In doing that, the main thing that I was unclear about was whether I need to resize the VideoFrames to fit with my model or whether I could leave them alone and have the code in between me and the model “do the right thing” with the VideoFrame?

Partly, that confusion comes from my model’s description seeming to be say that it was expecting frames at a resolution of 227 x 227 in BGR format and that feels like a very odd resolution to me.

Additionally, I found that trying to resize a VideoFrame seemed to be a bit of a painful task and I didn’t find a better way than going through a SoftwareBitmap with a BitmapEncoder, BitmapDecoder and a BitmapTransform.

The code that I ended up with got fairly ugly and I was never quite sure whether I needed it or not and so, for the moment, I conditionally compiled that code into my little test app so that I can switch between two modes of;

  • Pass the VideoFrame untouched to the underlying evaluation layer
  • Attempt to resize the VideoFrame to 227 x 227 before passing it to the underlying evaluation layer.

I’ve a feeling that it’s ok to leave the VideoFrame untouched but I’m about 20% sure on that at the time of writing and the follow on piece here assumes that I’m running with that version of the code.

Does It Work?

How does the app work out? I’m not yet sure Smile and there’s a couple of things where I’m not certain.

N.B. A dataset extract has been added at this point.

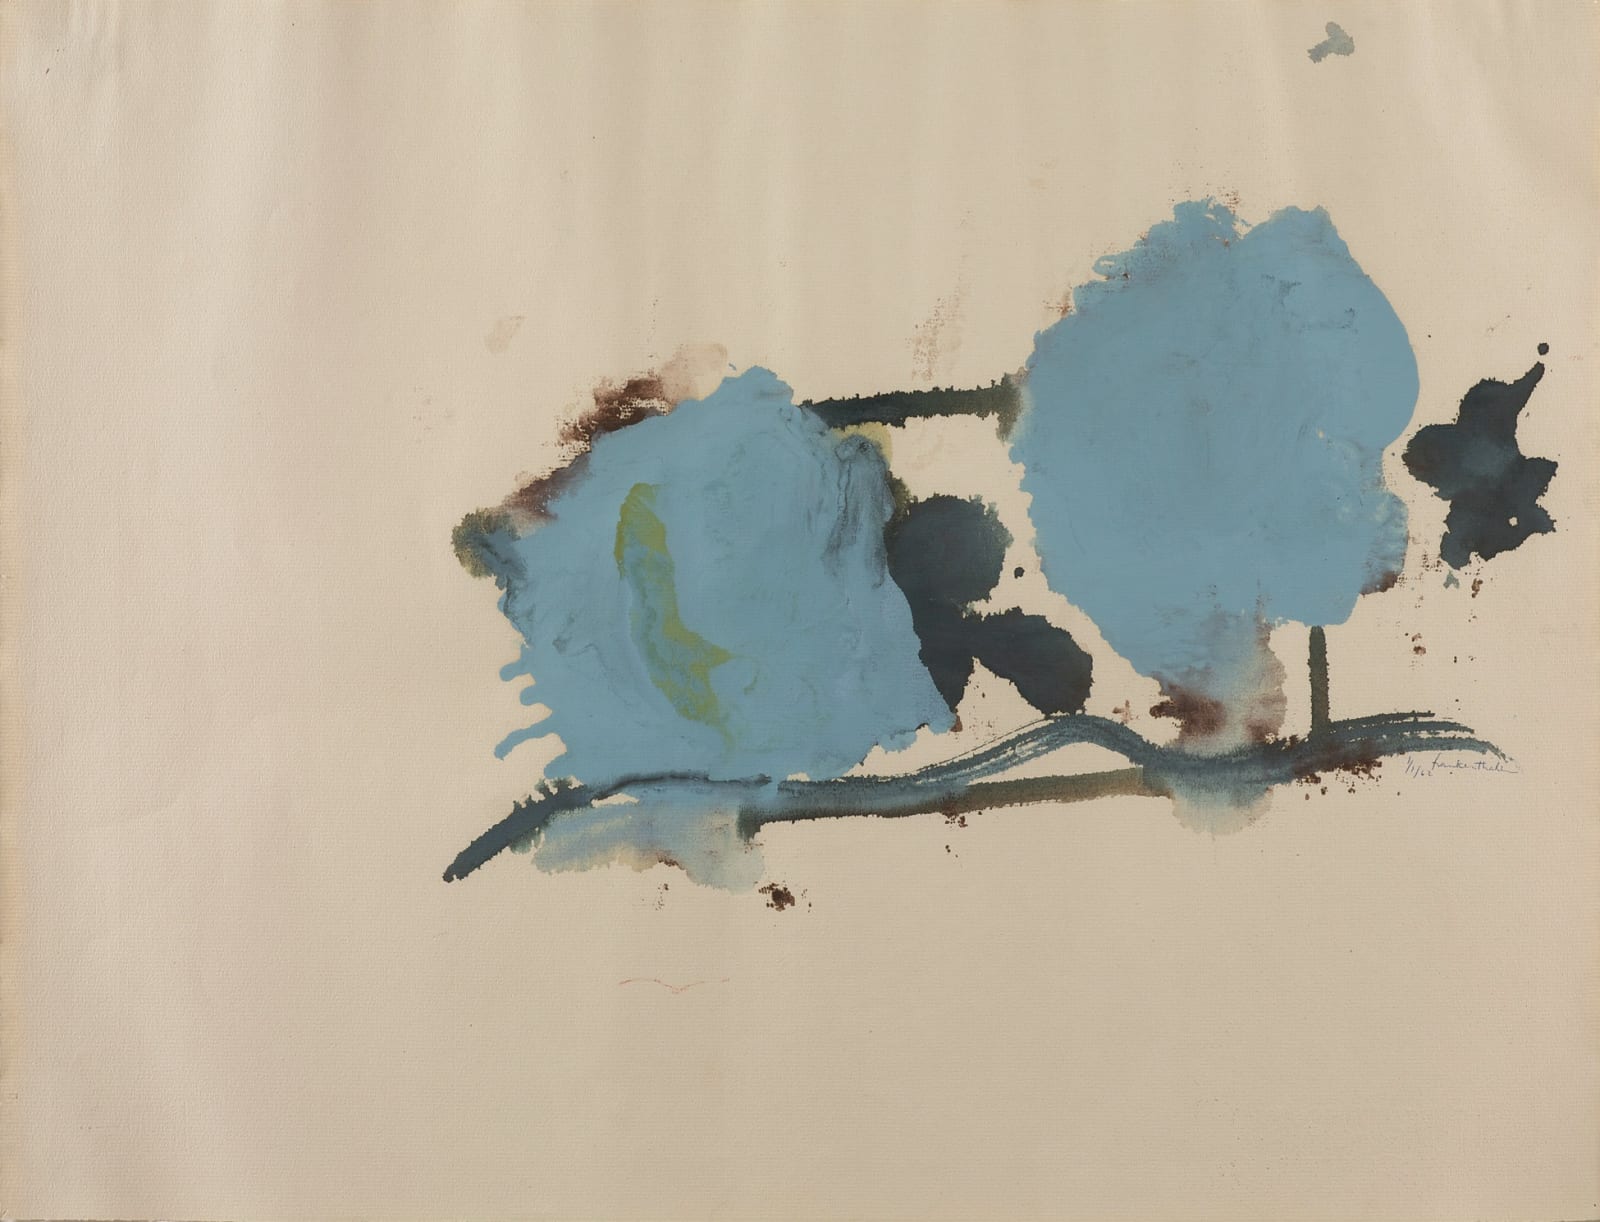 Helen Frankenthaler, Blue on One Side, 1962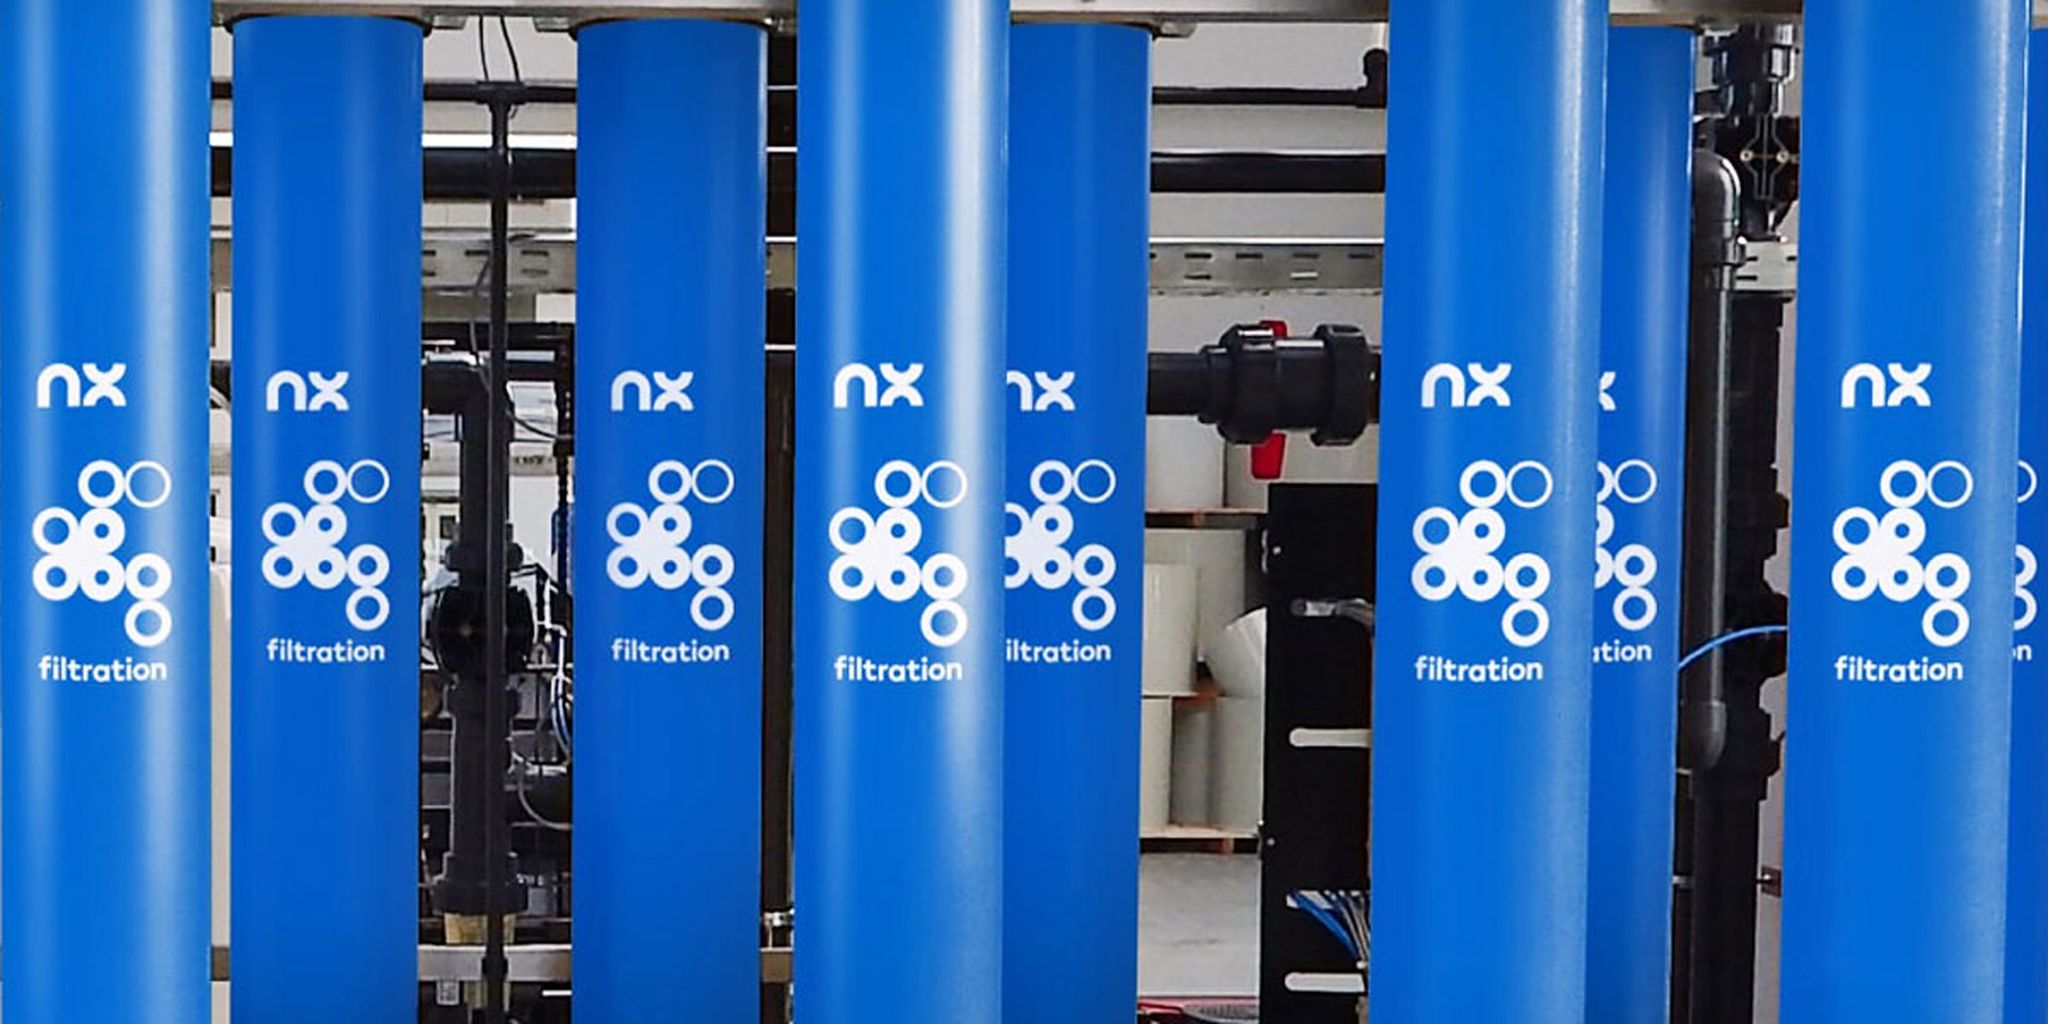 Lang wachten op winst van NX Filtration

  • I’m running on a Surface Pro 3 where the camera has a fixed focus and it doesn’t do a great job of focusing on my images (given that I’ve no UI to control the focus) and so it’s hard to tell at times how good an image the camera is getting. I’ve tried it with both the front and back cameras on that device but I don’t see too much difference.
  • I’m unsure of whether the way in which I’m passing the VideoFrame to the model is right or not.

But I did run the app and presented it with 3 pictures – one of a dachshund, one of an alsatian (which it should understand is a dog but not a dachshund) and one of a pony.

Here’s some examples showing the sort of output that the app displayed;

dacs

I’m not sure about the category of ‘dog’ here but the app seems fairly confident that this is both a dog and a dachshund so that seems good to me.

Here’s another (the model has been trained on alsatian images to some extent);

als

and so that seems like a good result and then I held up my phone to the video stream displaying an image of a pony;

pony

and so that seems to work reasonably well and that’s the code which does not resize the image down to 227×227 and I found that the code that did resize didn’t seem to work the same way so maybe my notion of resizing (or the actual code which does the resizing) isn’t right.

Wrapping Up

First impressions here are very good Smile in that I managed to get something working in very short time.

Naturally, it’d be interesting to try and build a better understanding around the binding of parameters and I’d also be interested to try this out with a camera that was doing a better job of focusing.

It’d also be interesting to point the camera at real world objects rather than 2D pictures of those objects and so perhaps I need to build a model that classifies something a little more ‘household’ than dogs and ponies to make it easier to test without going out into a field Smile

I’d also like to try some of this out on other types of devices including HoloLens as/when that becomes possible.

Code

If you want the code that I put together here then it’s in this github repo;

https://github.com/mtaulty/WindowsMLExperiment

Keep in mind that this is just my first experiment, I’m muddling my way through and it looks like the code conditionally compiled out with the RESIZE constant can be ignored unless I hear otherwise and I’ll update the post if I do.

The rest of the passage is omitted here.